Sixty Thousand Kernels
Days 3 & 4: Building in Public in OpenAI's Parameter Golf Challenge
Article 2 of an ongoing series. If you missed Article 1, I entered OpenAI’s Parameter Golf competition late, built the wrong architecture, got told to scrap it by my own AI system, pivoted, and briefly hit #1 on the merged leaderboard with PR #376 at 1.1401 bpb. That was Day 2.
Day 3 started with bad news.
I checked the leaderboard at 7am and PR #376 had already been lapped. While I was sleeping, the field moved. Not drifted. Moved. There’s a specific technical stack that the top competitors had converged on: 11 transformer layers, XSA attention, Partial RoPE, LN Scale, VE128, EMA, Late QAT, GPTQ-lite quantization. My submission wasn’t in the ballpark. It was on a different planet.
The bpb scores were lower across the board. The gap was real.

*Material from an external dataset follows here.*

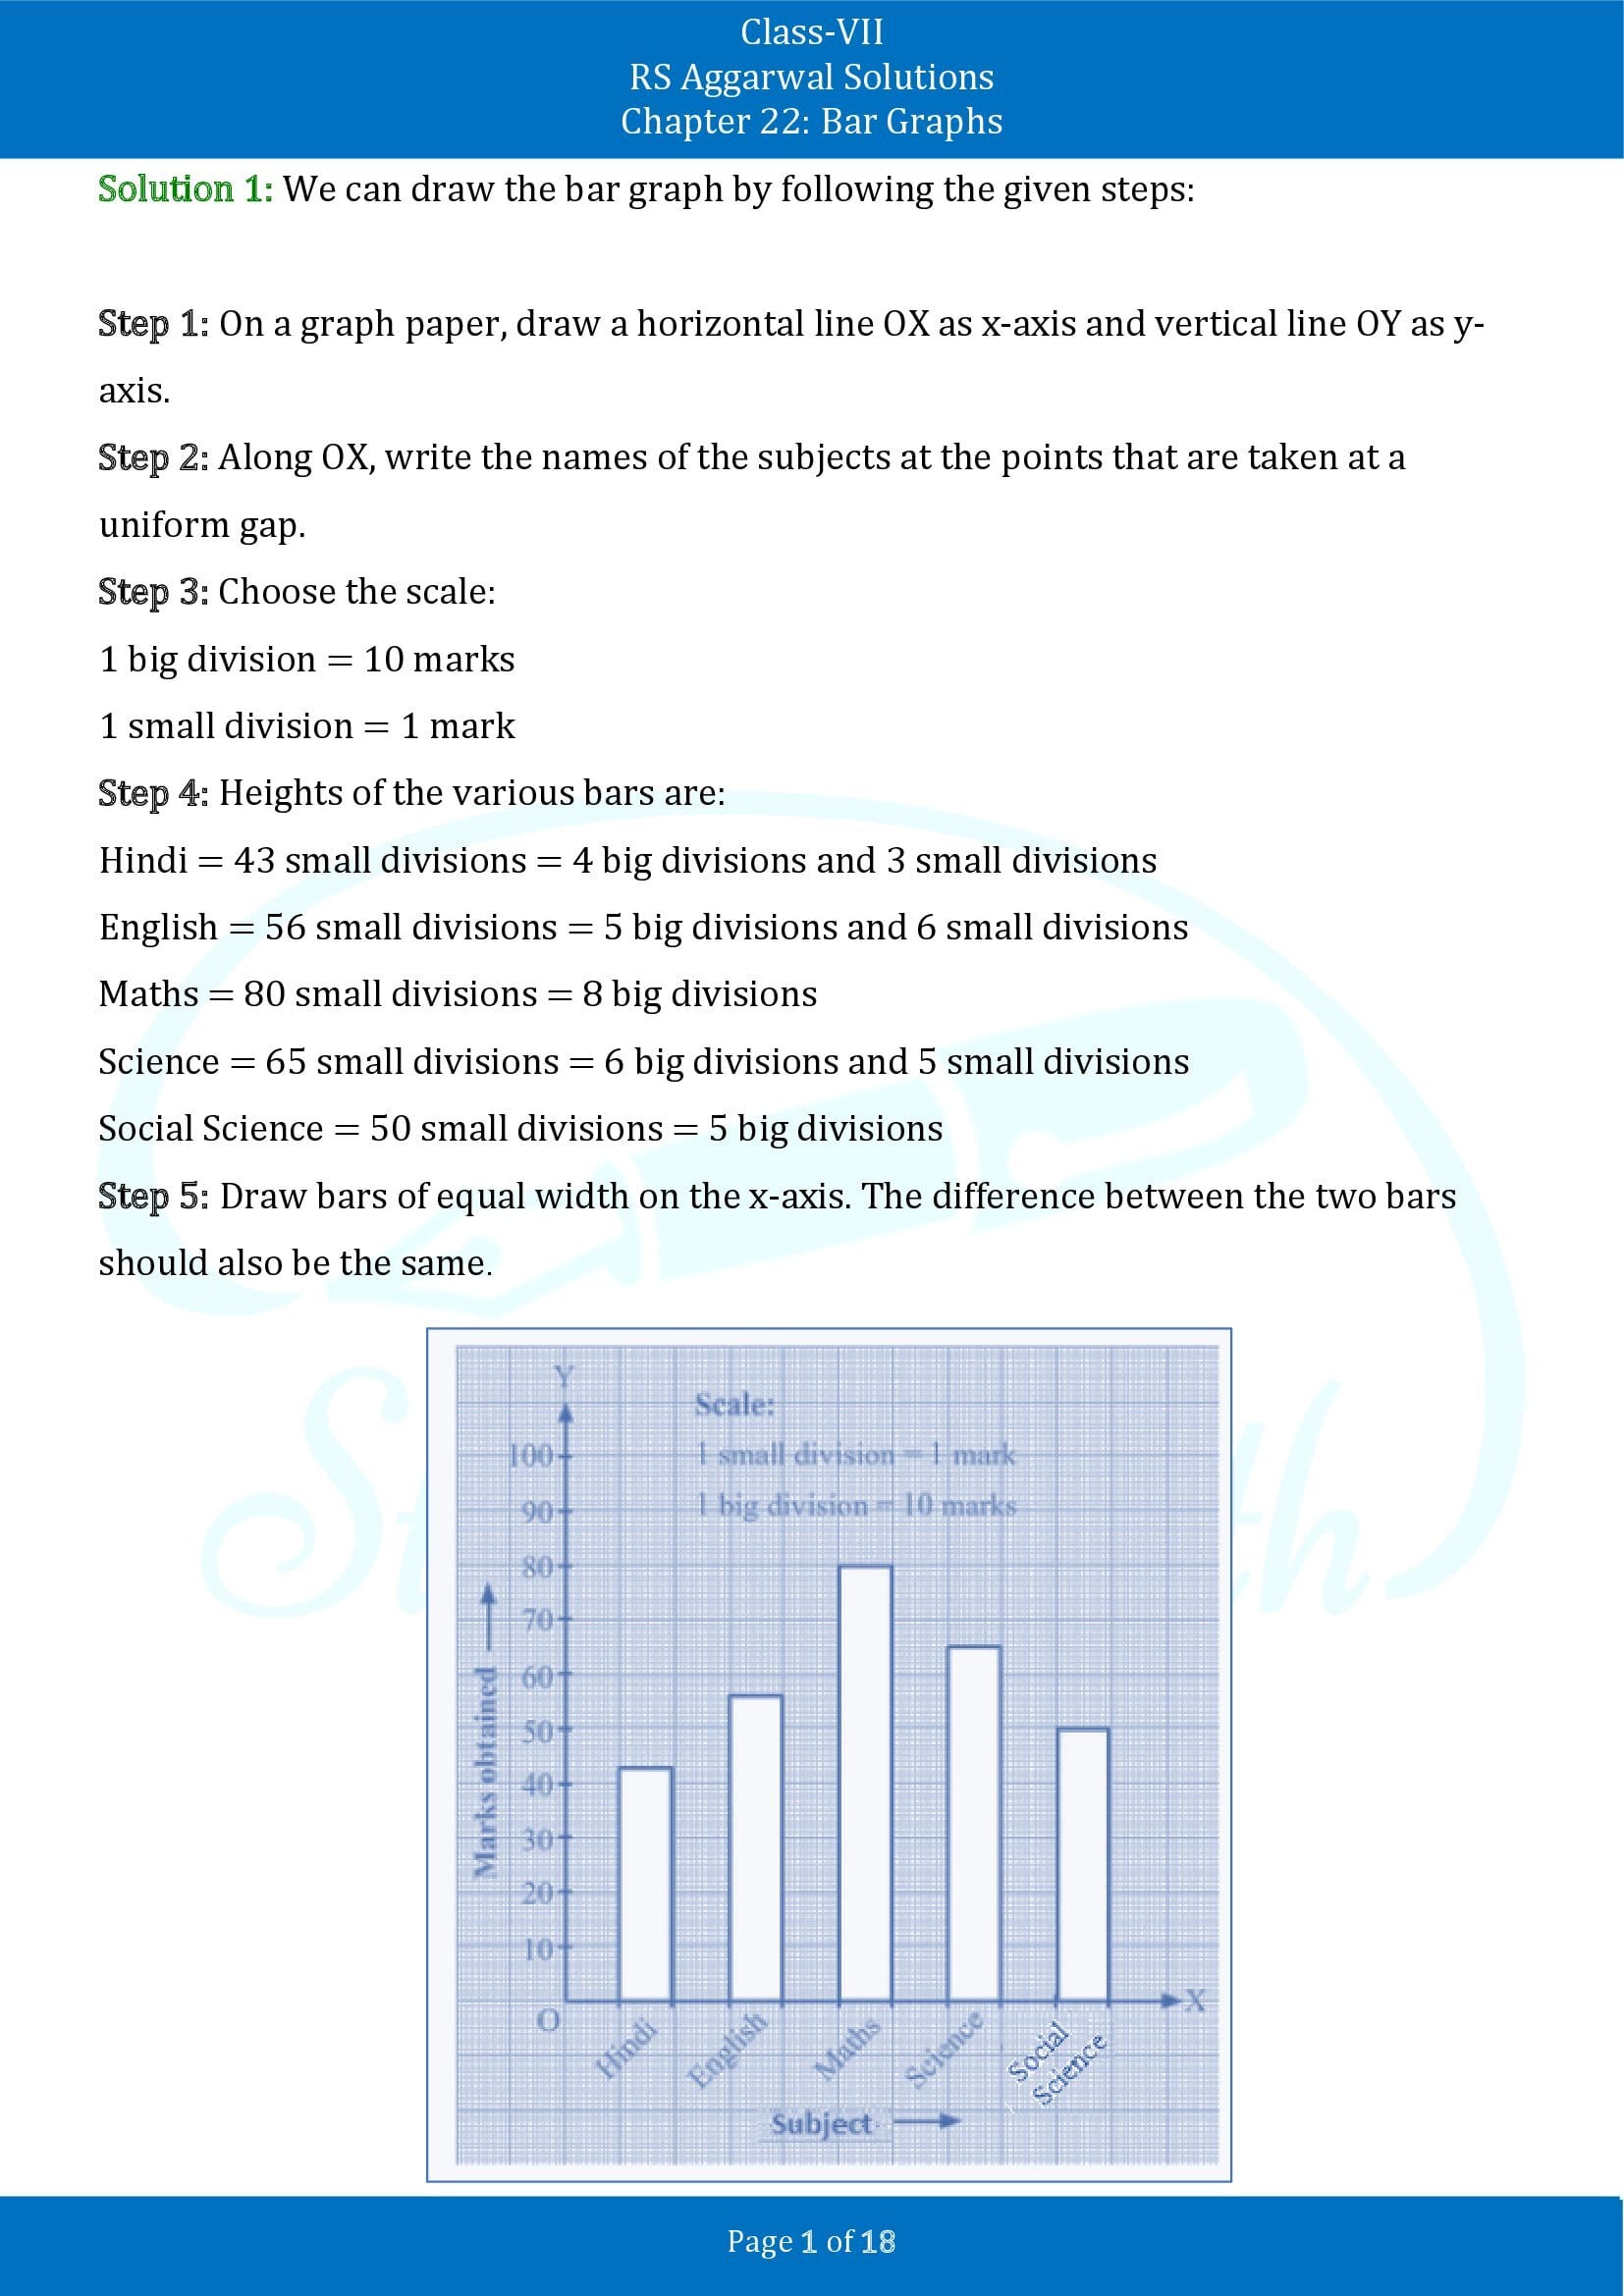 RS Aggarwal Solutions Class 7 Chapter 22 Bar Graphs 00001

When you’re competing solo with no team and no institutional memory of a competition that’s been running for days before you arrived, you have an information problem. Further, I have no experience in this type of competition at all. I can’t read hundreds of pull requests. I can’t manually parse ablation tables, dig through commit histories, and cross-reference READMEs for fifty different experimental submissions in a single morning.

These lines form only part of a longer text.